**Information shown**

☆ ☆ ☆

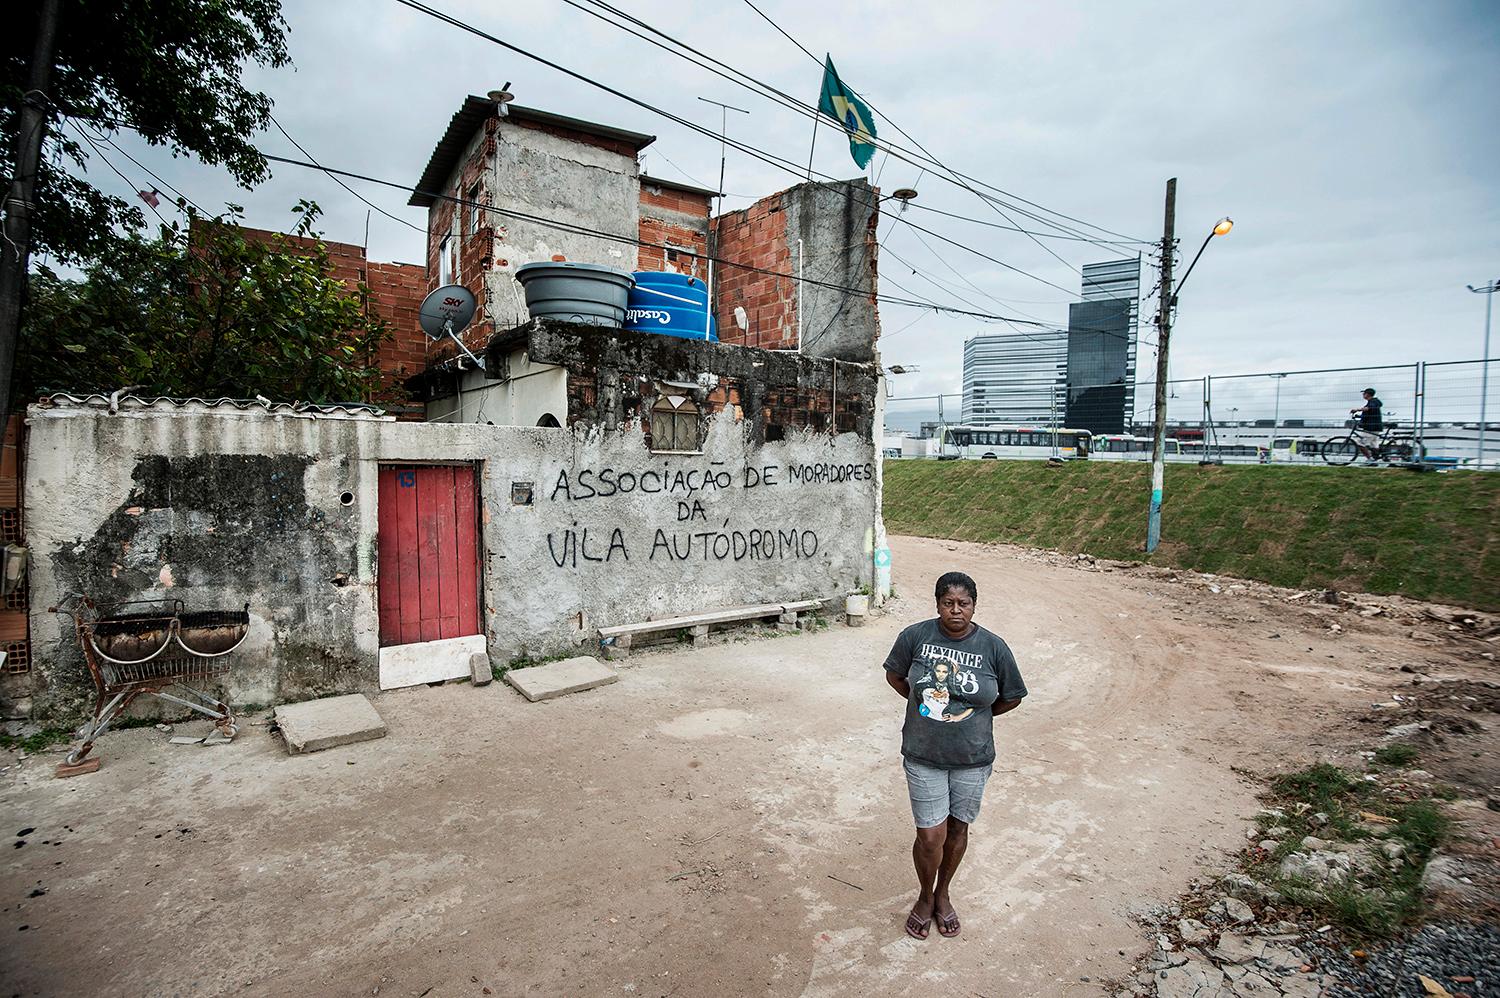 Sandra Regina Damiao har bott i området Vila Autódromoi Barra i 20 år. När OS hamnade i Rio ombads hon flytta, men hon vägrade. Nu är hon den sista tillsammans med sin familj att bo kvar. Snart rivs hennes hus.
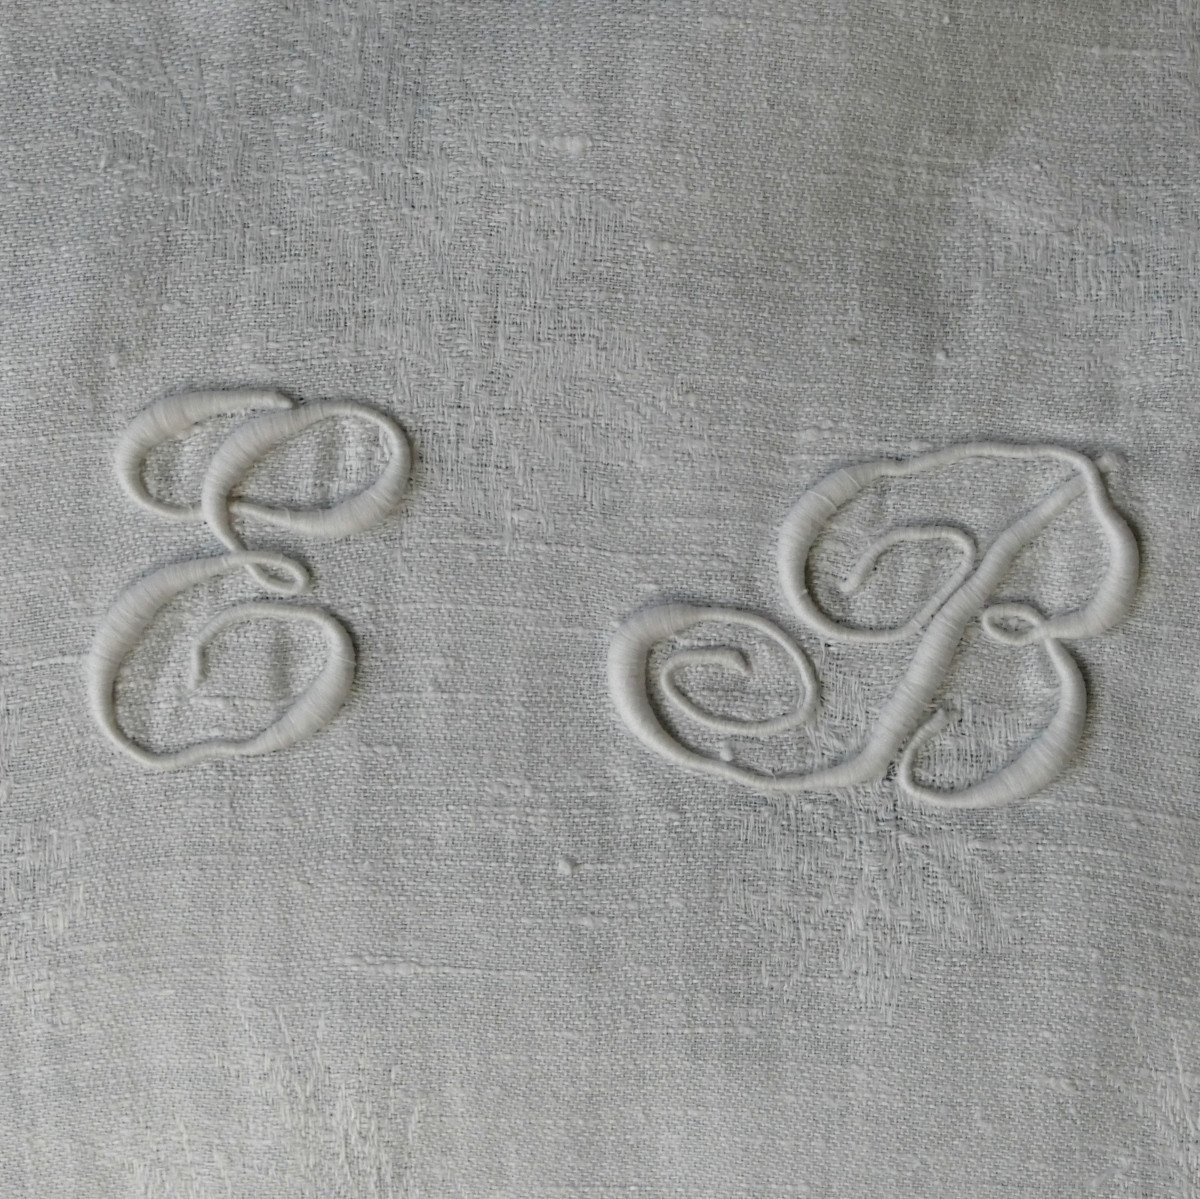 Double Monogram Damask Tablecloth “eb”, Art Nouveau.
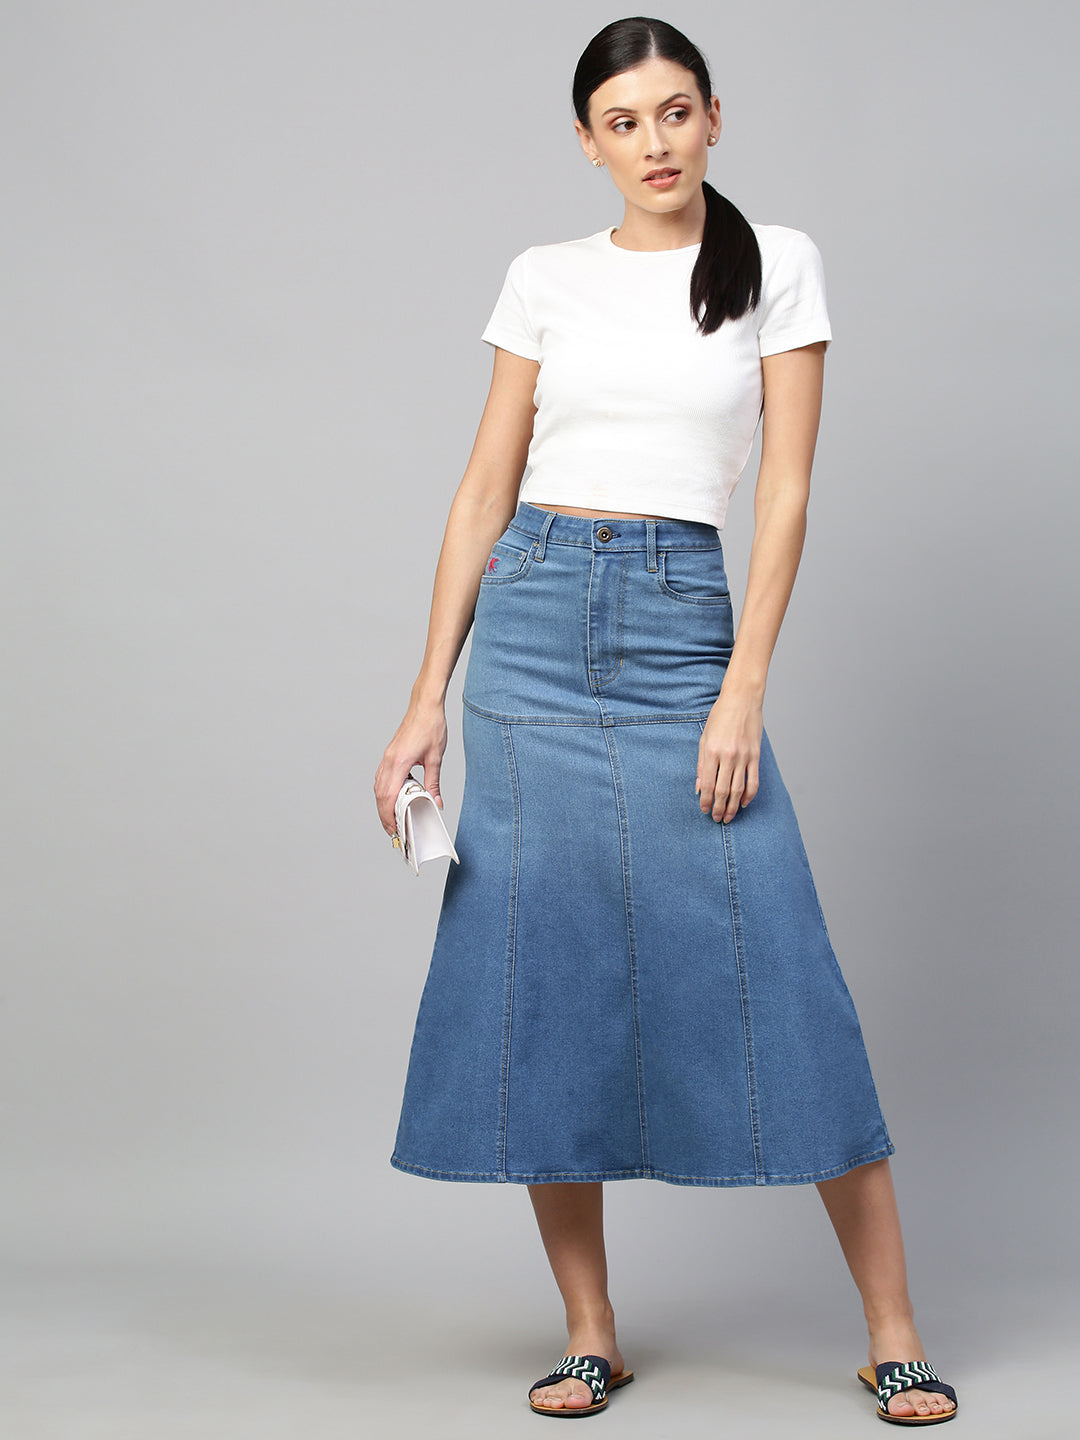 Denim Skirt - Buy Denim Skirt online in India
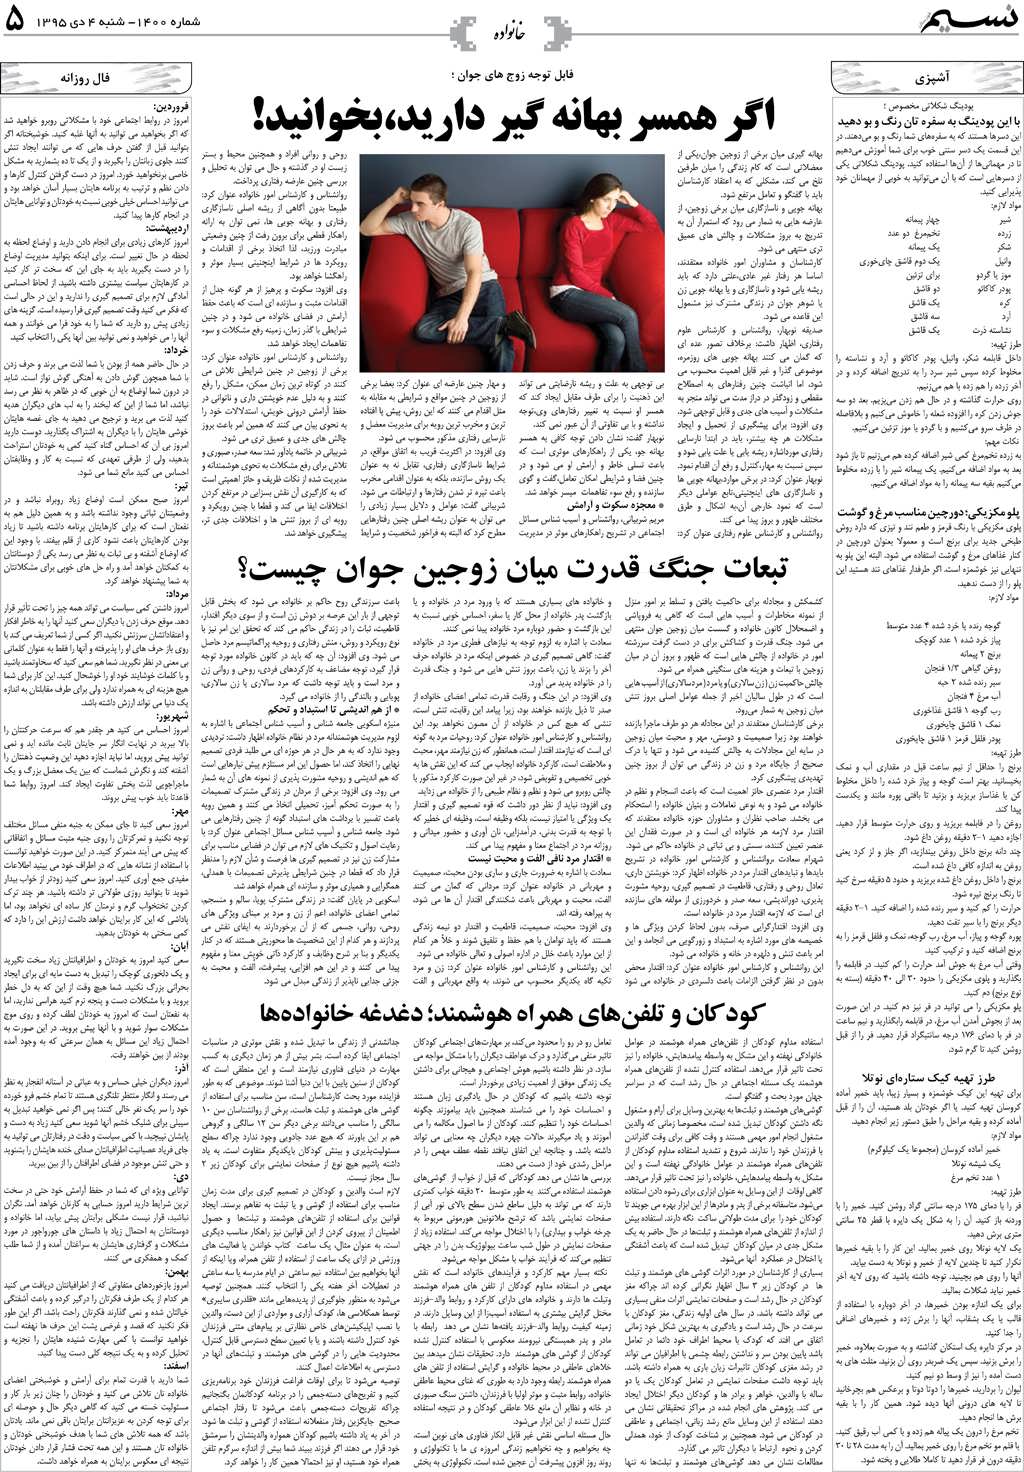 صفحه خانواده روزنامه نسیم شماره 1400

☆ ☆ ☆

**Task prompt**
Output the span from the line with "Double Monogram Damask" through the last line of the data, inclusive and exact, and omit every picture.

**Written answer**
 Double Monogram Damask Tablecloth “eb”, Art Nouveau.
 Denim Skirt - Buy Denim Skirt online in India
 صفحه خانواده روزنامه نسیم شماره 1400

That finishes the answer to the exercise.